Establishment of Human Models of Thermal Injury
Clinically relevant models are necessary for understanding the mechanisms of human wound healing and for evaluation of prospective medical treatments. In-vitro organotypic skin cultures and animal models of thermal injury do not accurately represent the anatomic and functional characteristics of human skin thus limiting the translation of findings to patients. Therefore, the development of a reproducible thermal injury model in human skin is essential to standardizing research related to the proper identification, treatment, and prevention of burn injuries. Our aim is to develop reproducible human burn models (ev vivo and in vivo) that simulate thermal injury sustained in patients to accurately represent the different classifications of burn injury depths necessary to characterize human burn progression and healing. The combination of our ex vivo human skin model and in vivo human skin model is to separate the local wound microenvironment and systemic mediators (including systemic inflammatory responses and vascular defects) on infection and burn wound progression, respectively.

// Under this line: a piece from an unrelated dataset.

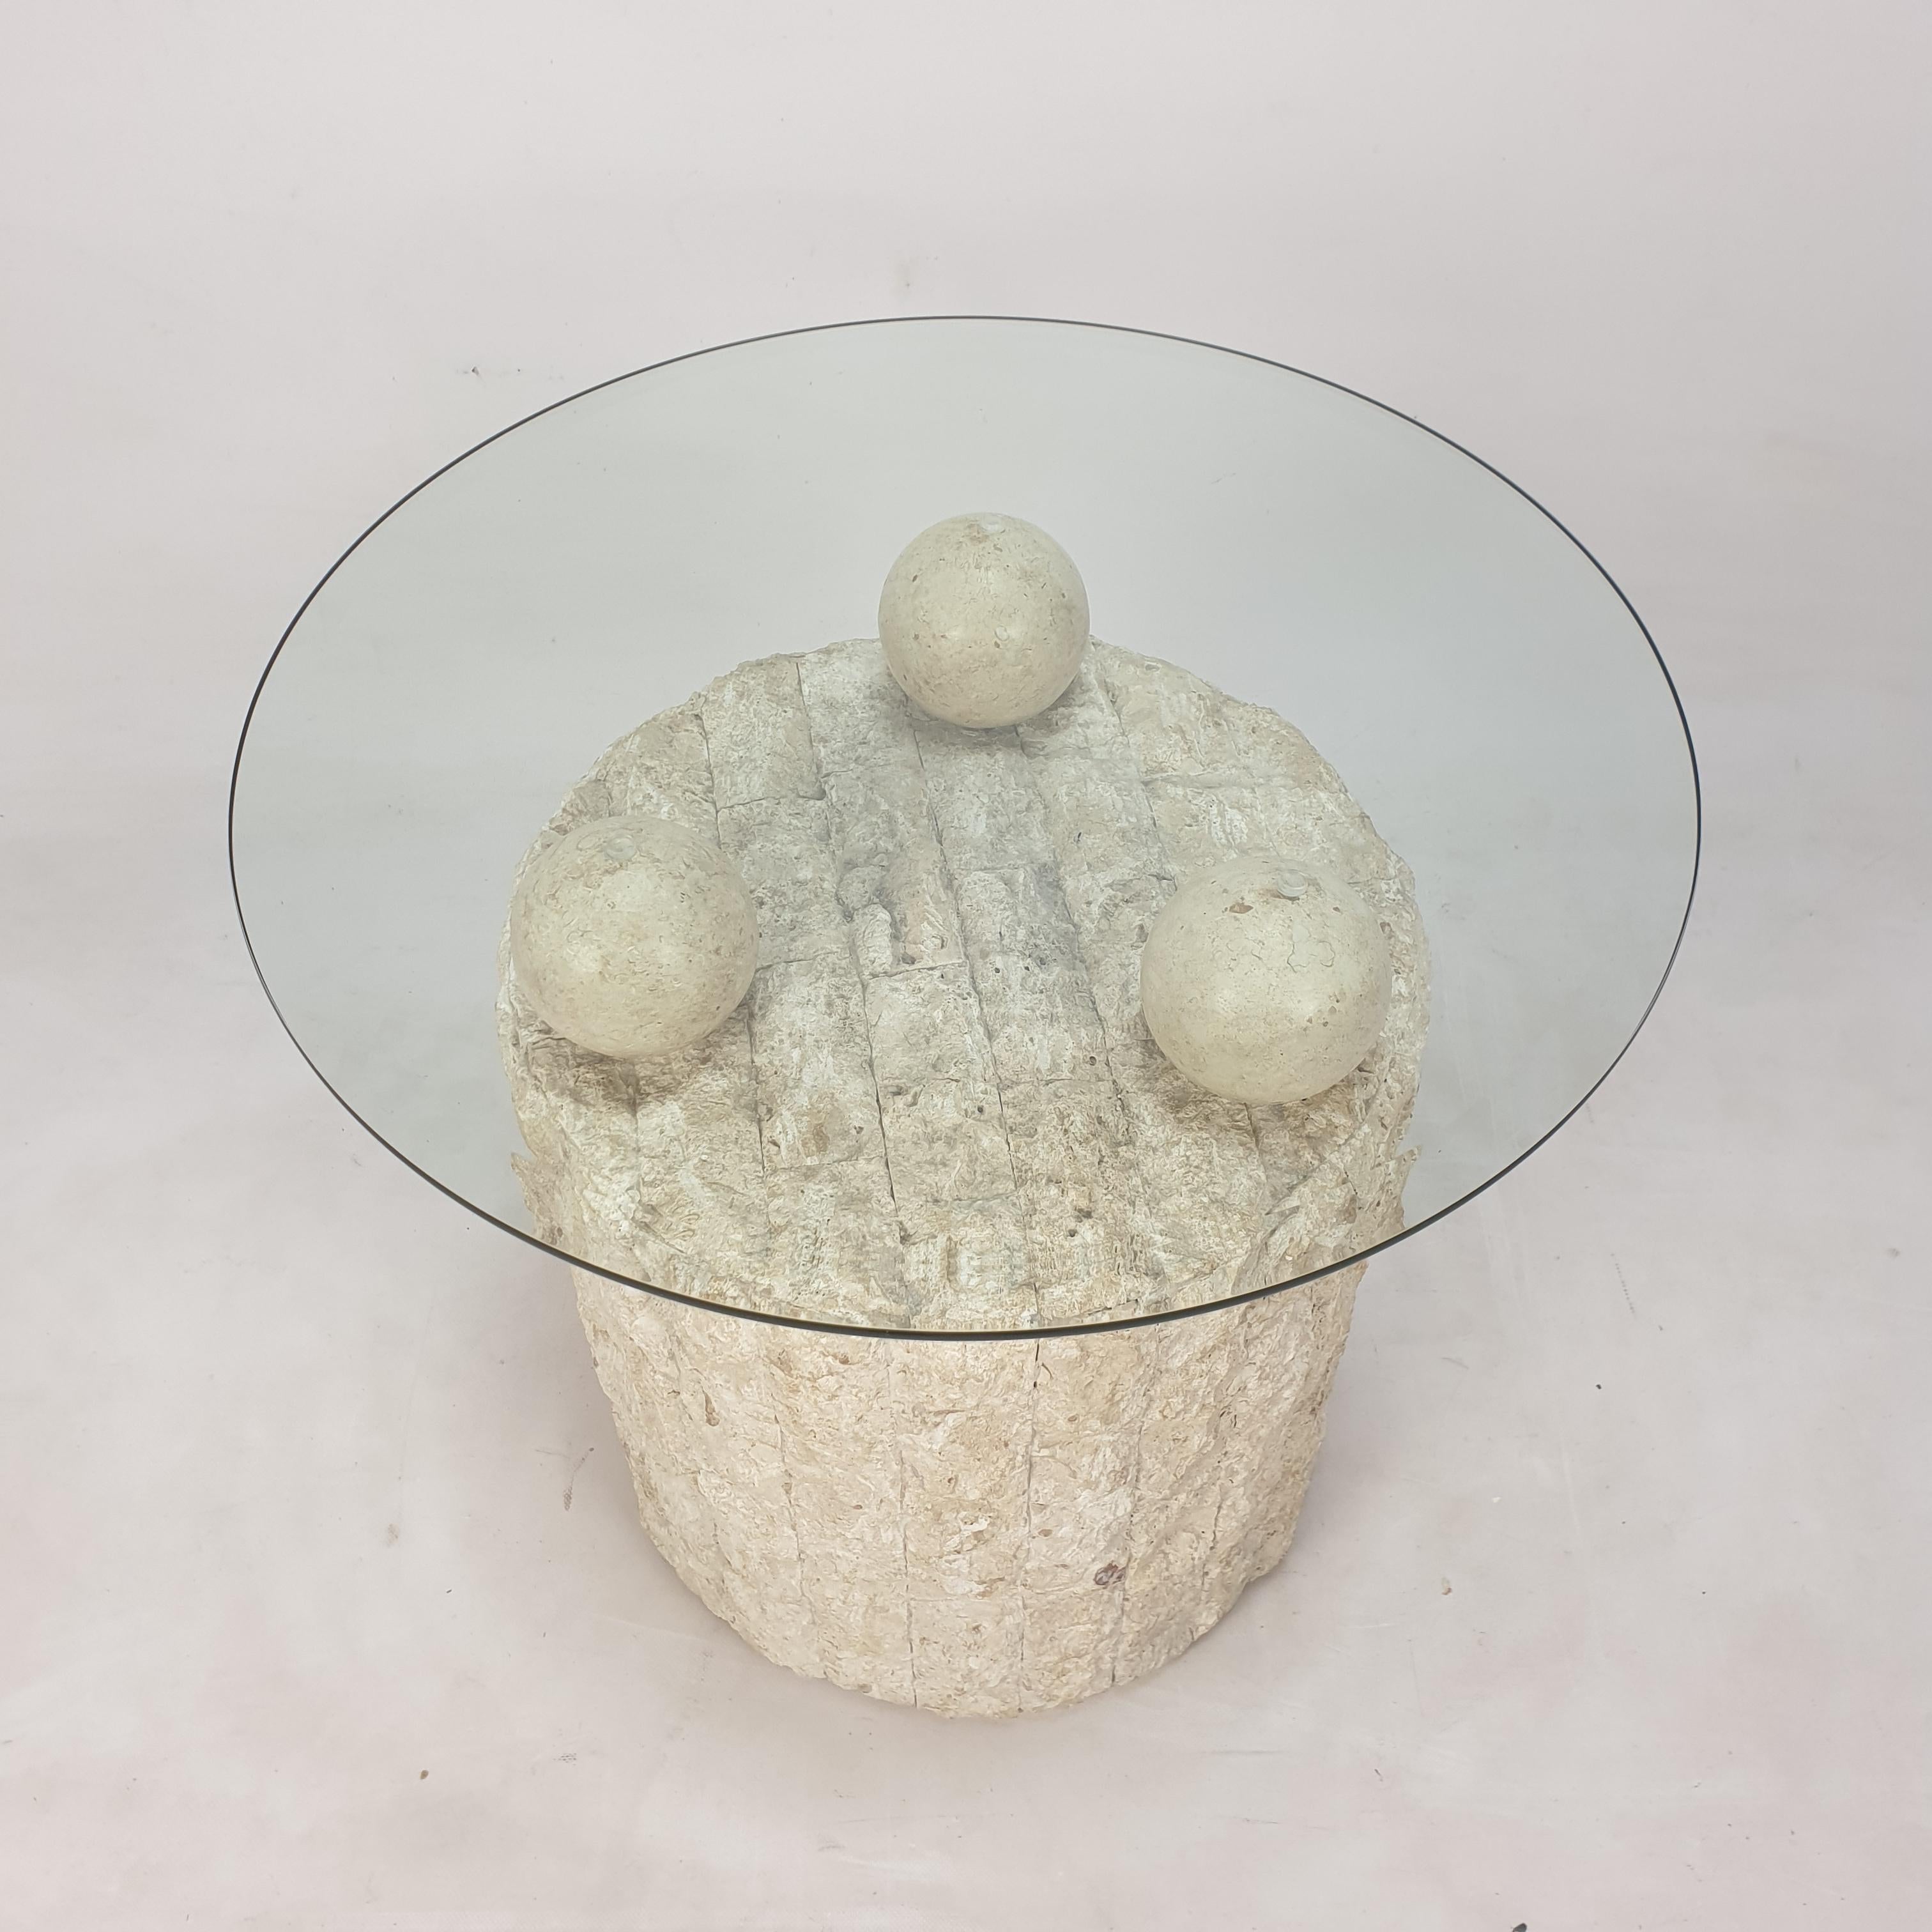 Hand-Crafted Magnussen Ponte Mactan Stone Coffee or Fossil Stone Table, 1980s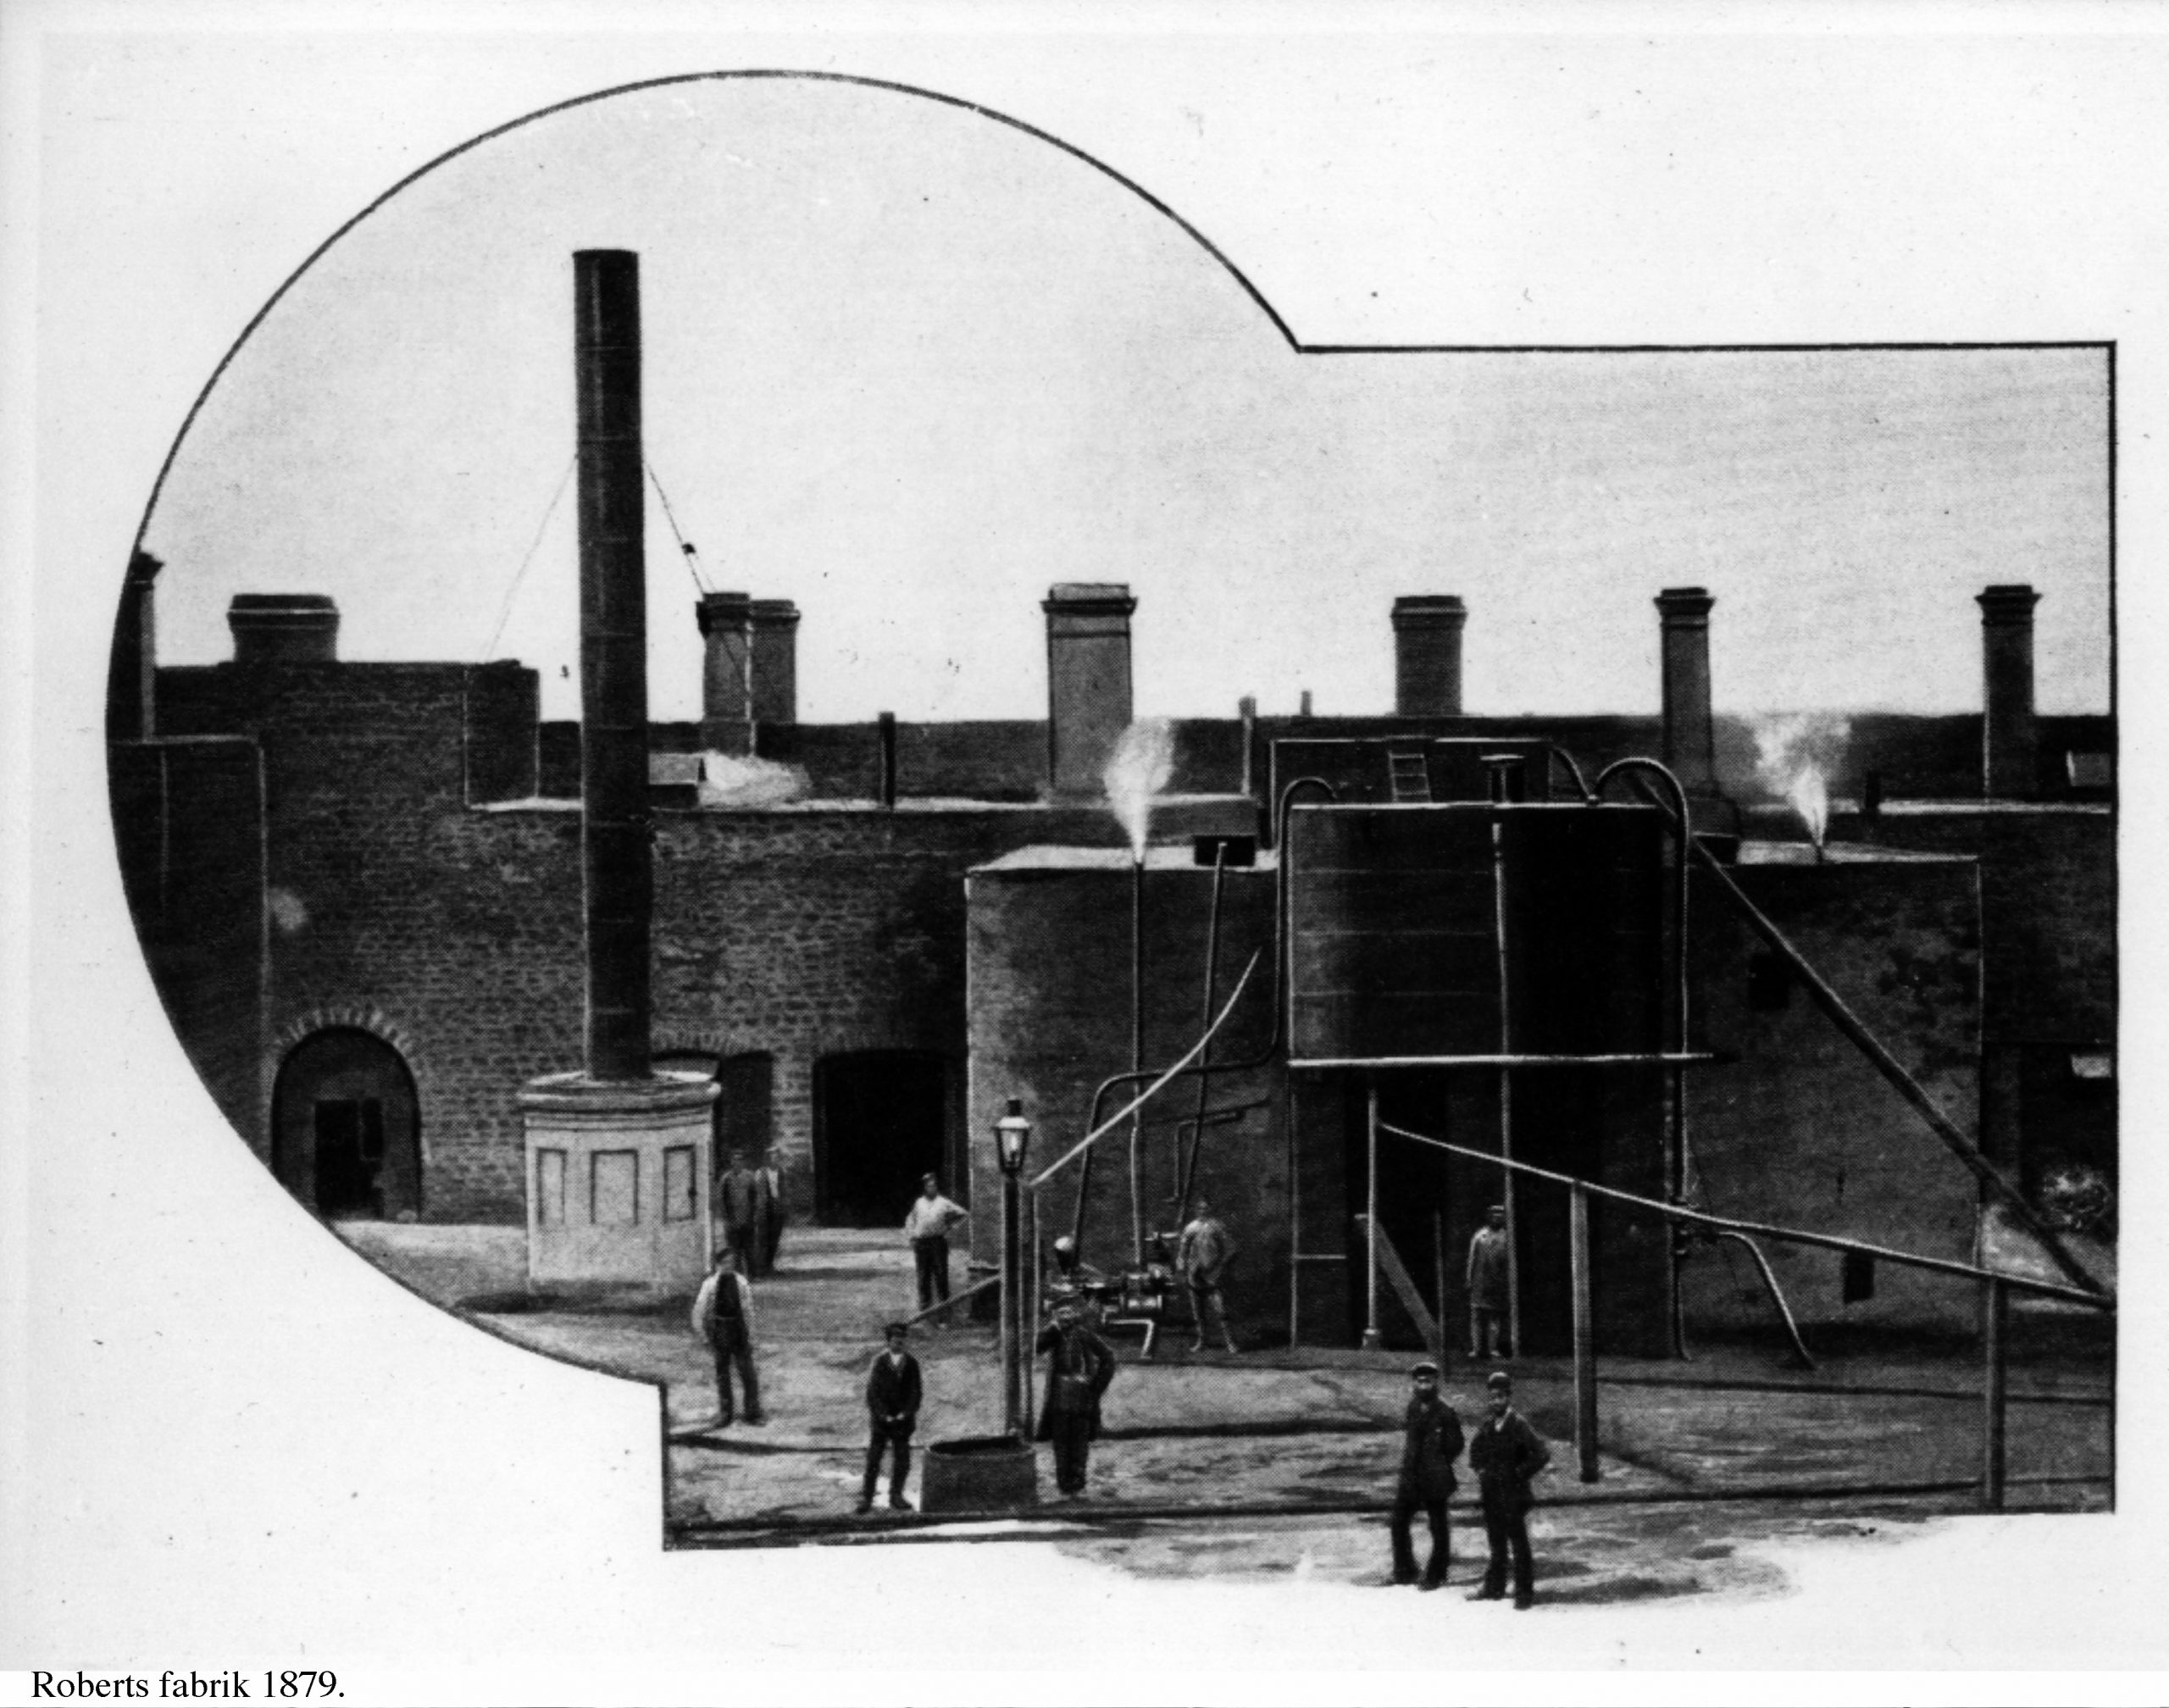 The first paraffin plant bought by Robert Nobel in 1875, that was a starting point for Branobel’s activities in Baku.

Molecular Signature of Cellular Injury and Regeneration in Burn Tissue
The regenerative capacity of burn wounds, and the need for surgical intervention, depend on wound depth. Clinical visual assessment is considered the gold standard for burn depth assessment, but it remains a subjective and inaccurate method for tissue evaluation. The purpose of this study was to characterize the baseline regenerative capacity in human burn wounds in correlation with their clinical visual depth diagnosis in order to understand the wound healing potential of deep partial thickness (DPT) and full thickness (FT) depth burns.
Using intraoperative visual assessment, patients were identified as DPT or FT wounds (see Figure 3.1). We hypothesized that DPT and full thickness (FT) burn wounds retain considerable viability and regenerative capacity that is not clinically apparent on visual inspection. To determine if the histological markers of viability and regenerative capacity were also seen on the molecular level, full thickness tissue biopsies obtained intraoperatively and clinically assessed to be DPT or FT were submitted for RNA sequencing. There were 5416 differentially expressed genes (DEG) identified in FT and 4131 DEG in DPT tissues. 1442 of the DEG were different in DPT versus FT. The top 20 enriched pathways in DPT were related to regeneration while inflammation and oxidative stress pathways were significantly enriched in FT tissues (Figure 3.2). When comparing DPT and FT gene sets for inflammation and regeneration, DPT had greater regenerative potential than FT (Figure 3.3A; p<0.03), while FT had greater inflammatory response and reactive oxygen species (ROS) than DPT (Figure 3.3B; p<0.0001).
Our findings advance the idea of harnessing the potential autologous regenerative capacity within the burn wound. However, an improved understanding of the specific wound bed characteristics, and the treatment needed to harness the inherent regenerative capacity in these wounds, will be required before a paradigm shift can occur.
Figure 1. Intraoperative images of patients clinically assessed as deep partial (DPT) or full thickness (FT) burns at the time of surgery.
Figure 2. Top 20 enriched pathways in FT (A) and DPT (B) burns as identified from RNA sequencing.
Figure 3. Analysis of gene sets of genes involved in inflammation or regeneration in DPT and FT burn tissues.